— А пропади они пропадом! Еще их будить. Да по мне пусть хоть вовек не просыпаются…
Вот, собственно, и все, что показывал Явтушок по существу дела. Что же до «деникинцев», то он слышал, будто такие объявились в Вавилоне, но какое же отношение может иметь к ним он, который в девятнадцатом бился с ними под Чупринками несколько дней подряд в кавалерии Криворучко? Для подтверждения он прихватил и бумагу, подписанную комиссаром Криворучко и неким товарищем Гофманом. Правда, бумага побита жучком, потому что держит ее Явтушок в ящичке, но зато без фальши, в чем следствие может убедиться. А еще он просит извинения, если в чем напутал перед следствием или сказал неточно слово — от волнения отдает у него в ногах, в животе и по всему телу., У них с Матвием Гусаком одинаковая болезнь, и, как ни странно, нападает она на обоих только здесь, в Глинске. Дома Явтушок понятия не имеет о ней…
Лошади подкреплялись овсом, а под телегами пряталась от жары вавилонская знать, к которой бог знает по каким признакам относил себя и Явтушок, хотя у его лошади не было даже торбы для овса, она перебирала на полке ячменные объедки, а сам он весь день перебивался огурцами с грядки да хлебом из непросеянной муки.
— Ну что там, Явтуша? — осаждали его братья Раденькие, один из которых, Федот, доводился Явтуху кумом еще с той поры, когда сам ходил в голодранцах.
— Я им показал, что такое мы! — похвалялся Явтушок, развязывая узелок с огурцами.
Он усаживался под своей телегой, резал огурцы пополам, посыпал их крупной солью цвета пыли и, растерев половинку о половинку, ел с таким аппетитом, словно только что сошел с борозды.
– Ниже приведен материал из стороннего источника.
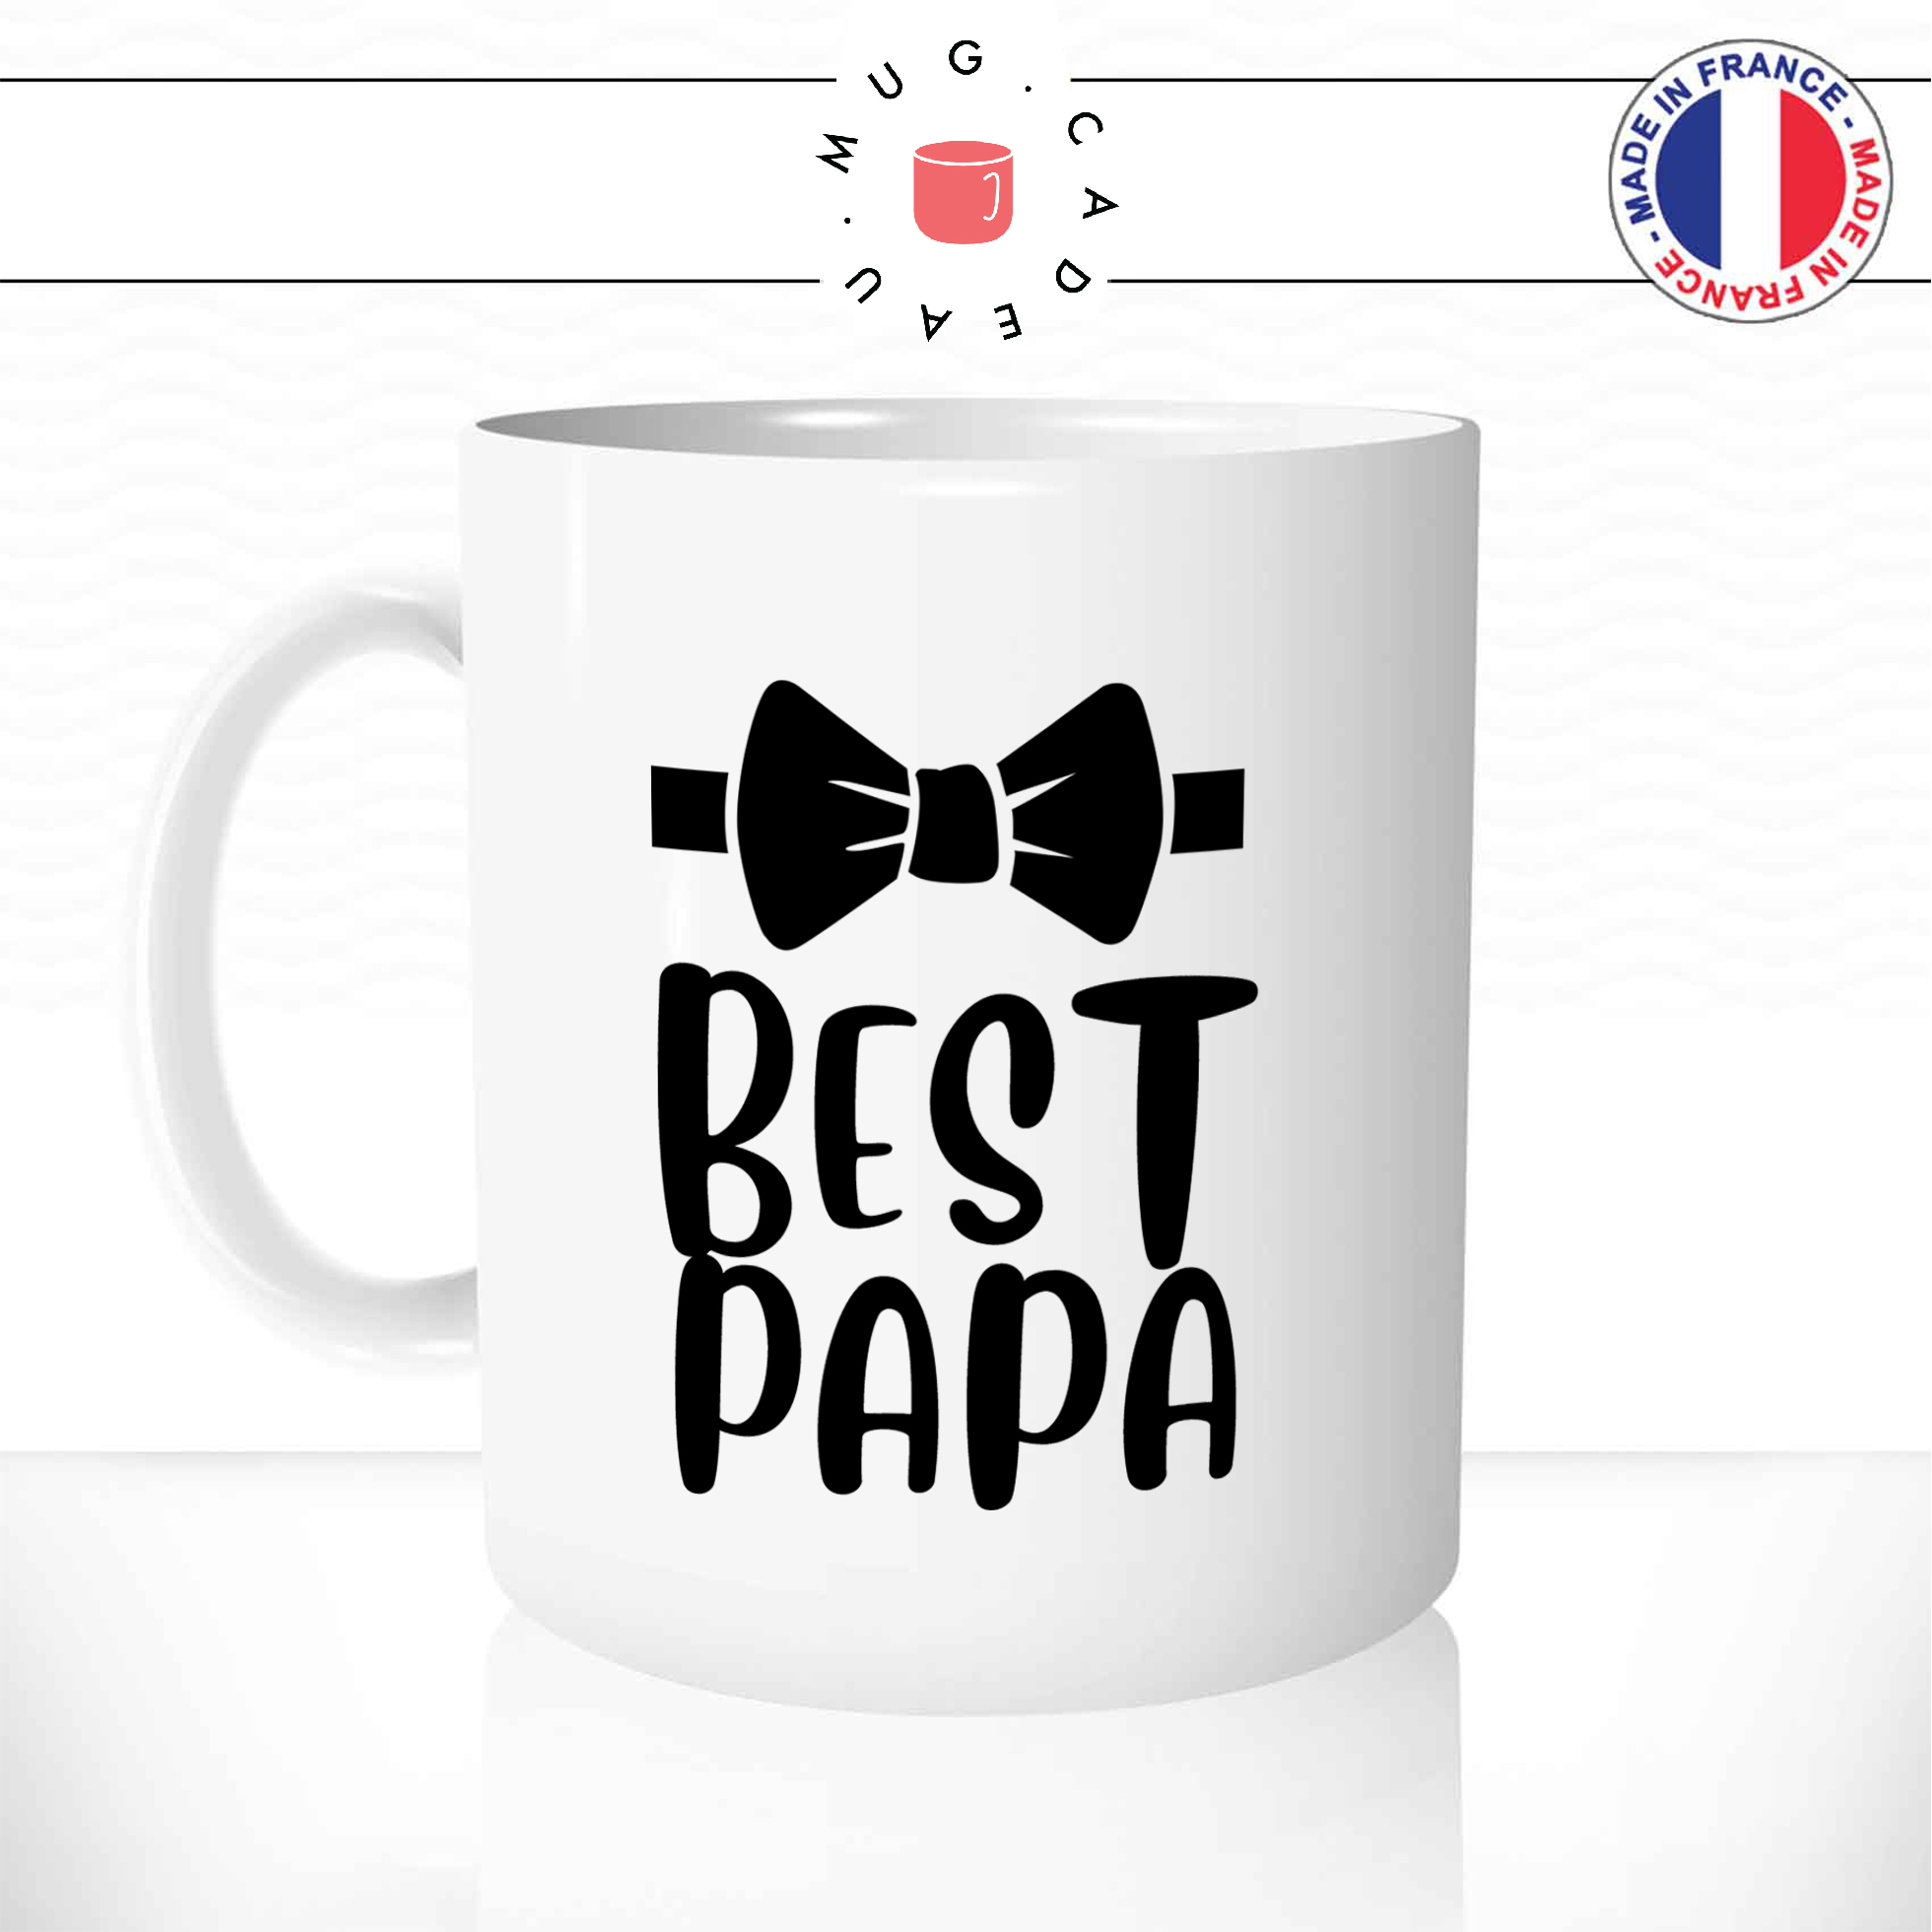 mug-tasse-ref10-fete-des-peres-best-papa-noeud-papillon-cafe-the-mugs-tasses-personnalise-anse-gauche

Ничто так не выматывает, как следствие, на котором приходится выручать своего заклятого врага, чтобы не погубить себя самого.
Как уже было сказано, возглавлял вавилонян Панько Кочубей, то есть это был тот случай, когда он один отвечал за всех — и за виновных, и за невиновных. Без его разрешения никто не смел отлучаться, и все должны были находиться под рукой, поскольку не знали, кого вызовут на допрос следующим. Исключение составлял только козел Фабиан, ему разрешали прогуливаться по Глинску и навещать тамошних родичей, привязанных к скудным бедняцким выгонам. Однако если и он долго не являлся с прогулок, то Панько Кочубей справлялся и о нем, хотя в протоколах следствия сей вавилонянин, разумеется, не значился. Но когда усатый милиционер выходил на крыльцо и вызывал кого-либо из вавилонян, козел выбирался из-под телеги и торопливо, но сохраняя при этом достоинство, направлялся к крыльцу, вызывая всякий раз все большее восхищение усача. Понурая толпа при этом оживлялась, веселела, а сам милиционер терял строгость и под конец уже каждый выход козла встречал добродушным смешком. Благодаря козлу и еще некоторым оптимистам Вавилон внешне держался с достоинством и не падал духом, хотя оснований для оптимизма не было никаких.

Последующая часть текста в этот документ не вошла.